[Start of Attachment]
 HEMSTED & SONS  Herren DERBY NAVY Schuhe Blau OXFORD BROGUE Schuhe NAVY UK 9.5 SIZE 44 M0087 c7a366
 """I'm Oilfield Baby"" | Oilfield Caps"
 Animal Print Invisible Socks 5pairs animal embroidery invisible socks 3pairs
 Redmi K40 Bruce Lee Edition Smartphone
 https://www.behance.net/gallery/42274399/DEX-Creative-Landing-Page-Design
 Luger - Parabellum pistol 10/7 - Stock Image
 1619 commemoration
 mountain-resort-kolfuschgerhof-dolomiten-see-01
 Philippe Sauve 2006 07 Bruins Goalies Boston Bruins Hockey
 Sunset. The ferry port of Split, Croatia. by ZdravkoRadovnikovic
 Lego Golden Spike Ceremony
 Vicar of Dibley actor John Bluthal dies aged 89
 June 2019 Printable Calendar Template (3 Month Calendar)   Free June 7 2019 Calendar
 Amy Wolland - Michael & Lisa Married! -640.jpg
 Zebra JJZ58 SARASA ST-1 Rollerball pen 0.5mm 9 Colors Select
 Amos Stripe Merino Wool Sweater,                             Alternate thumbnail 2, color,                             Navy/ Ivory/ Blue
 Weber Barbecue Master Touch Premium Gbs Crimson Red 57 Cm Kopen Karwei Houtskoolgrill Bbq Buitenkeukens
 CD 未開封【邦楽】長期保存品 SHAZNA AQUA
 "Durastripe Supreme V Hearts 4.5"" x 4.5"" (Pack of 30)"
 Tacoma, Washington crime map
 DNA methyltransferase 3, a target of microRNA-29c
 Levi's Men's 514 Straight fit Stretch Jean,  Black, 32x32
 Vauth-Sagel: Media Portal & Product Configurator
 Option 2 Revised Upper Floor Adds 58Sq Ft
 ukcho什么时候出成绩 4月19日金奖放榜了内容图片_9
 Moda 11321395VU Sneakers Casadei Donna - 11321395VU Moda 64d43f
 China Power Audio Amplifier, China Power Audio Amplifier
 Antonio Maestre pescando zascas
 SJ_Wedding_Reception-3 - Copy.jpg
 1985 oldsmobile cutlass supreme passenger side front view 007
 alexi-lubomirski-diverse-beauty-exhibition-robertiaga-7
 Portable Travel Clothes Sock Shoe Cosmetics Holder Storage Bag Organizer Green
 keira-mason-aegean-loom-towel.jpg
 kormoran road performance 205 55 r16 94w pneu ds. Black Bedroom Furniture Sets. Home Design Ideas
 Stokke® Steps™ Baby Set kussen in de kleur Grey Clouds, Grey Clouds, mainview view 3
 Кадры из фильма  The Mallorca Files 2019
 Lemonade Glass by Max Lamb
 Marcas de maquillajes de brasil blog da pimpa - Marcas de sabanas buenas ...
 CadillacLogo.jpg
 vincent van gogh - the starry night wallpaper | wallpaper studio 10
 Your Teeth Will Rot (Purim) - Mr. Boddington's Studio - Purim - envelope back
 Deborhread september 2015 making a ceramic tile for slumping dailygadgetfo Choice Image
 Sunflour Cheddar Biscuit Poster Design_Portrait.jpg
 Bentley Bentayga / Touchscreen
[End of Attachment]
EXERCISE » Copy the full listing word for word.

SOLUTION FOR THIS PROBLEM »
 HEMSTED & SONS  Herren DERBY NAVY Schuhe Blau OXFORD BROGUE Schuhe NAVY UK 9.5 SIZE 44 M0087 c7a366
 """I'm Oilfield Baby"" | Oilfield Caps"
 Animal Print Invisible Socks 5pairs animal embroidery invisible socks 3pairs
 Redmi K40 Bruce Lee Edition Smartphone
 https://www.behance.net/gallery/42274399/DEX-Creative-Landing-Page-Design
 Luger - Parabellum pistol 10/7 - Stock Image
 1619 commemoration
 mountain-resort-kolfuschgerhof-dolomiten-see-01
 Philippe Sauve 2006 07 Bruins Goalies Boston Bruins Hockey
 Sunset. The ferry port of Split, Croatia. by ZdravkoRadovnikovic
 Lego Golden Spike Ceremony
 Vicar of Dibley actor John Bluthal dies aged 89
 June 2019 Printable Calendar Template (3 Month Calendar)   Free June 7 2019 Calendar
 Amy Wolland - Michael & Lisa Married! -640.jpg
 Zebra JJZ58 SARASA ST-1 Rollerball pen 0.5mm 9 Colors Select
 Amos Stripe Merino Wool Sweater,                             Alternate thumbnail 2, color,                             Navy/ Ivory/ Blue
 Weber Barbecue Master Touch Premium Gbs Crimson Red 57 Cm Kopen Karwei Houtskoolgrill Bbq Buitenkeukens
 CD 未開封【邦楽】長期保存品 SHAZNA AQUA
 "Durastripe Supreme V Hearts 4.5"" x 4.5"" (Pack of 30)"
 Tacoma, Washington crime map
 DNA methyltransferase 3, a target of microRNA-29c
 Levi's Men's 514 Straight fit Stretch Jean,  Black, 32x32
 Vauth-Sagel: Media Portal & Product Configurator
 Option 2 Revised Upper Floor Adds 58Sq Ft
 ukcho什么时候出成绩 4月19日金奖放榜了内容图片_9
 Moda 11321395VU Sneakers Casadei Donna - 11321395VU Moda 64d43f
 China Power Audio Amplifier, China Power Audio Amplifier
 Antonio Maestre pescando zascas
 SJ_Wedding_Reception-3 - Copy.jpg
 1985 oldsmobile cutlass supreme passenger side front view 007
 alexi-lubomirski-diverse-beauty-exhibition-robertiaga-7
 Portable Travel Clothes Sock Shoe Cosmetics Holder Storage Bag Organizer Green
 keira-mason-aegean-loom-towel.jpg
 kormoran road performance 205 55 r16 94w pneu ds. Black Bedroom Furniture Sets. Home Design Ideas
 Stokke® Steps™ Baby Set kussen in de kleur Grey Clouds, Grey Clouds, mainview view 3
 Кадры из фильма  The Mallorca Files 2019
 Lemonade Glass by Max Lamb
 Marcas de maquillajes de brasil blog da pimpa - Marcas de sabanas buenas ...
 CadillacLogo.jpg
 vincent van gogh - the starry night wallpaper | wallpaper studio 10
 Your Teeth Will Rot (Purim) - Mr. Boddington's Studio - Purim - envelope back
 Deborhread september 2015 making a ceramic tile for slumping dailygadgetfo Choice Image
 Sunflour Cheddar Biscuit Poster Design_Portrait.jpg
 Bentley Bentayga / Touchscreen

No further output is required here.